The marks of this new and uglier world are everywhere. We have become conditioned to accept that viciously tearing down complete strangers online is normal and admirable, and that it is right and proper for a bad tweet from decades ago to ruin someone’s life. A new vocabulary – “doom-scrolling!” “hate-reading!” – is now necessary to capture how dysfunctional online activity has become. Even worse, these poisonous dynamics have leached into our offline lives, in the form of broken relationships, decreased attention spans, and damaged mental health. 

This doesn’t mean that social media cannot be used in productive ways, that ads and algorithms are evil in themselves, or that we users don’t bear responsibility for our own behavior. Rather, all of it shows that we are paying in the wrong currency, with devastating consequences. When platforms make their livings by harvesting and selling our attention, they achieve that by shoving unsolicited junk into our minds, while we obediently scroll down and down and down. 

One day, we will look back on this early era as a dark age, when we wrongly assumed that no one would pay for great writing on the internet, that writers could be valued only by how much attention they could command, and that readers could be played for suckers. The good news is that there is finally a clear way out.

It all starts by paying with a currency we can understand and measure: money. This is how we take back control.

With money, you know exactly what you’re paying and to whom, and you can cancel payments when you want. Transactions become transparent, and incentives become properly aligned. While platforms that depend on ad sales must harvest attention any way they can, platforms that depend on people’s willingness to pay must foster trust and satisfaction. Writers succeed only if readers are happy, and in turn platforms succeed only if writers are happy. In this world, users are finally at the table rather than on the menu. 
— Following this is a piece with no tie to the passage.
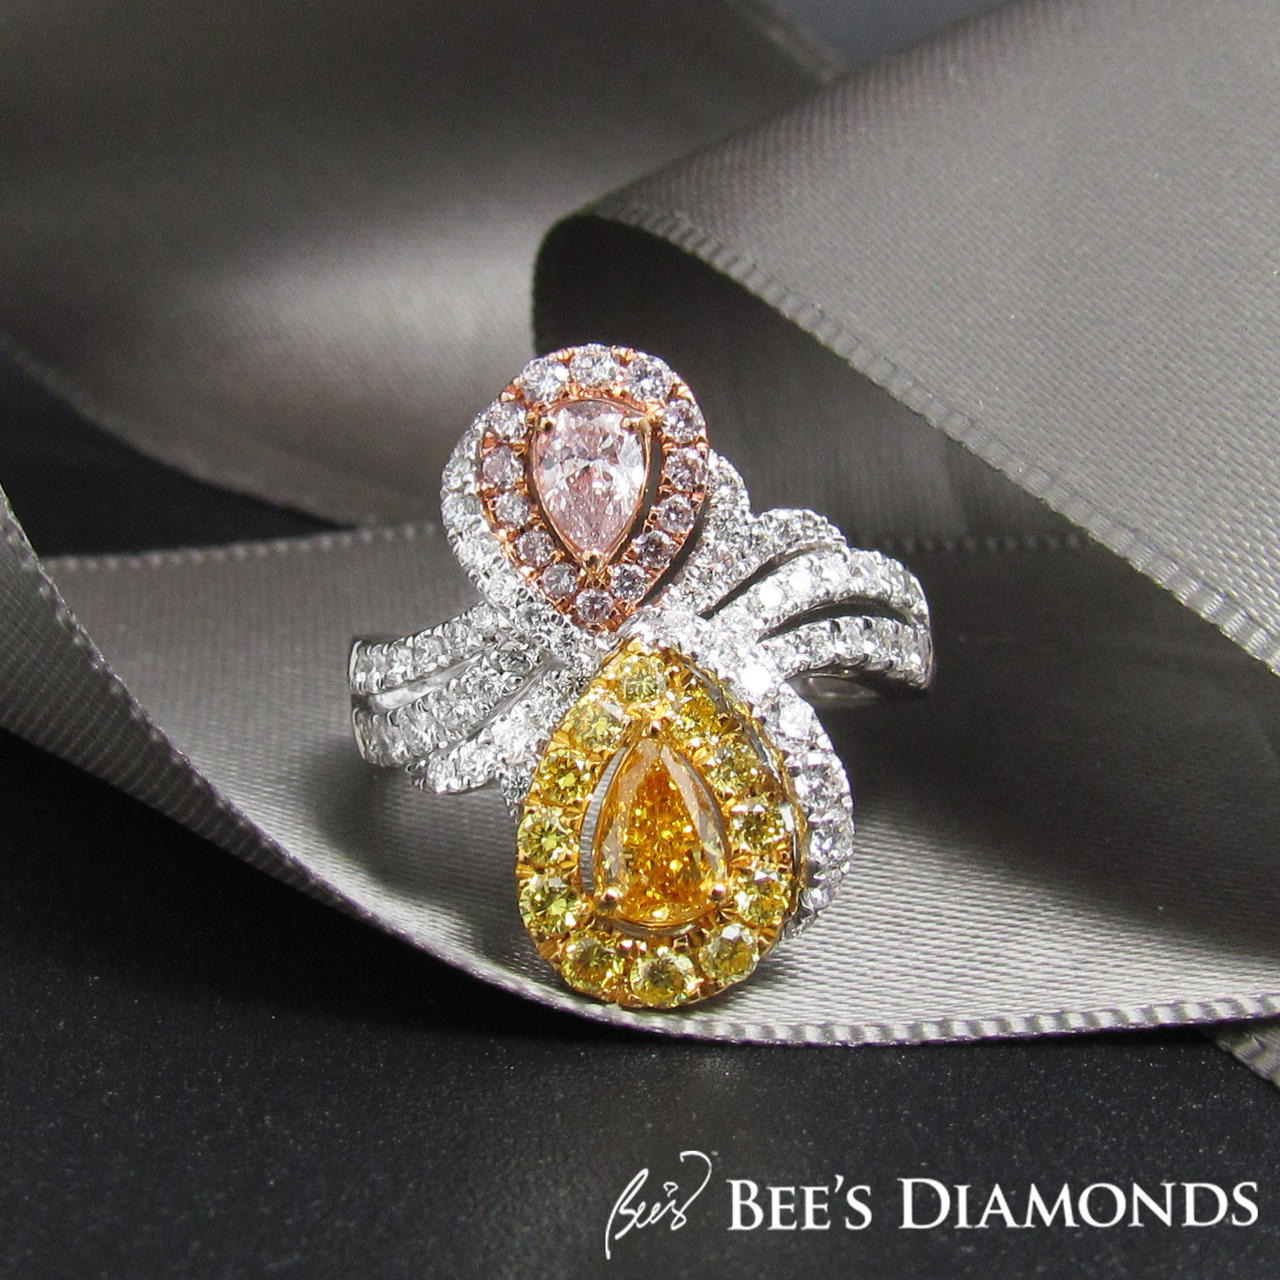 Pink and yellow pear shaped diamond rings | Bee's Diamonds

For writers, this means being able to control their relationships with their audience instead of being mediated by fickle corporations whose algorithms decide what gets the most attention. It means independent writers can be well paid by the people who value their work instead of having to play hunger games for a share of an advertising pie where the biggest slices always go to the platforms. And when they answer to their readers instead of to the platform, writers are free to do their best work. 
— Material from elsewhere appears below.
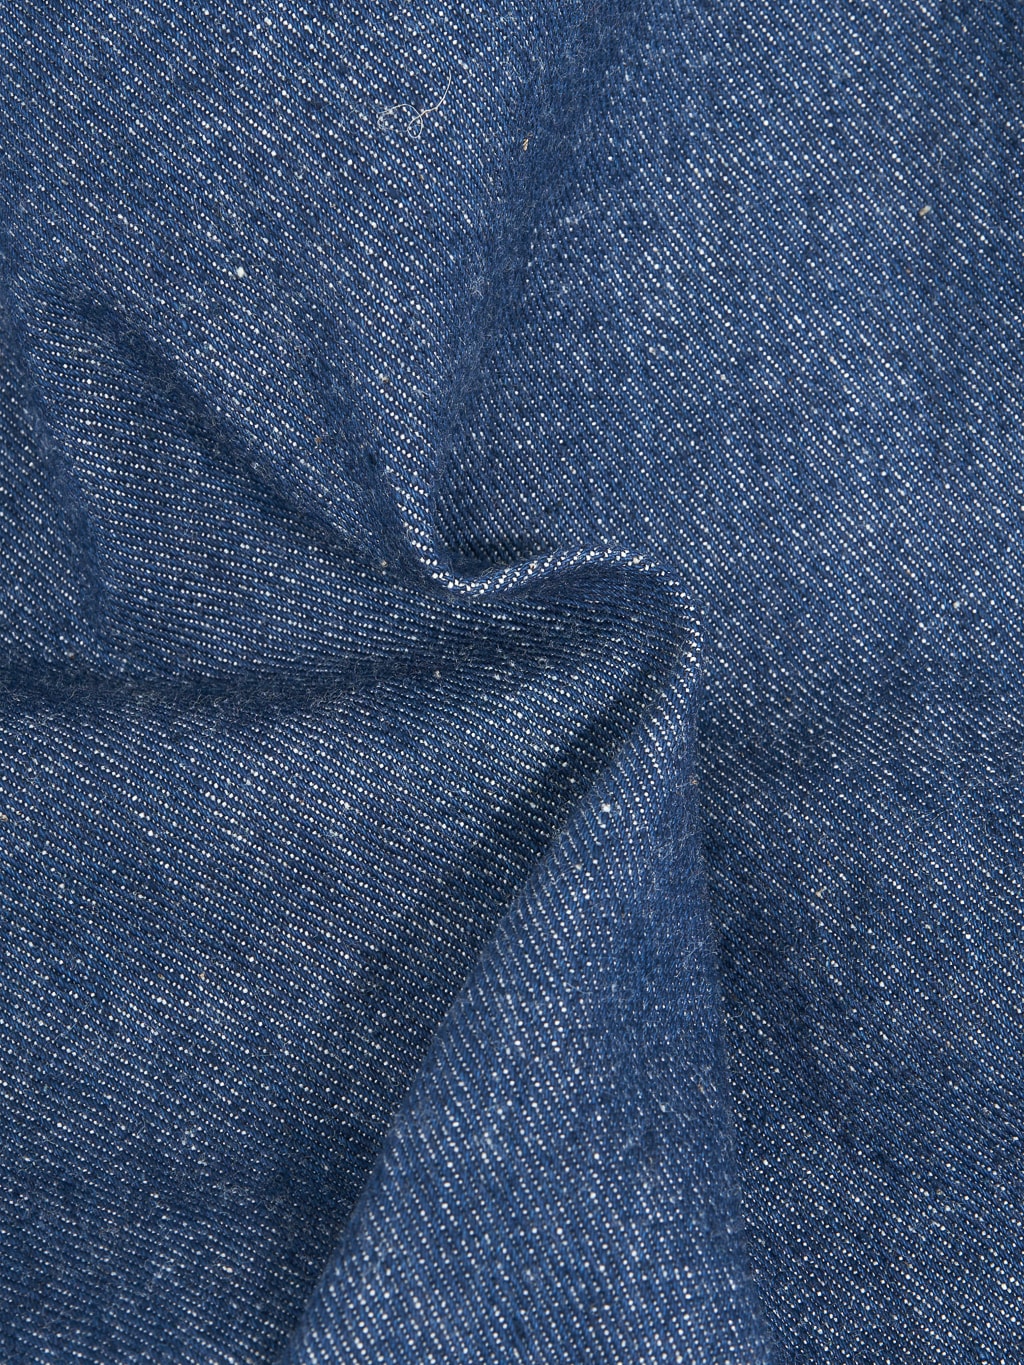 fullcount 1121 duke original selvedge denim super wide jeans texture

For readers, the effect is just as profound. It means having more control over what you put in your mind. When an engagement-based algorithm isn’t prompting you to scroll just a little further down the feed, you are free to make content consumption decisions thoughtfully and intentionally, based on what you find trustworthy. 

We know it can work, because it already does. Creator-focused companies such as Teachable (courses and coaching), Clubhouse (live audio), and Substack are subverting the attention economy by putting people, not platforms, in charge. These companies are all young, but they already account for millions of daily active users and hundreds of millions of dollars of economic activity, the majority of which accrues to the creators. In fact, this model is working so well that even the social media giants now are dabbling in it – a welcome development, albeit one that evokes Joe Camel offering you a Nicorette.

Still, the ad peddlers will continue to claim that their product is “free,” and that the memes, trolls, and hot takes on their platforms are minor side effects rather than the active ingredients. But we now know that the lower the price, the more we’re paying. 

We all thought we had lost our minds, but it turns out we just pawned them. Now it’s time to buy them back.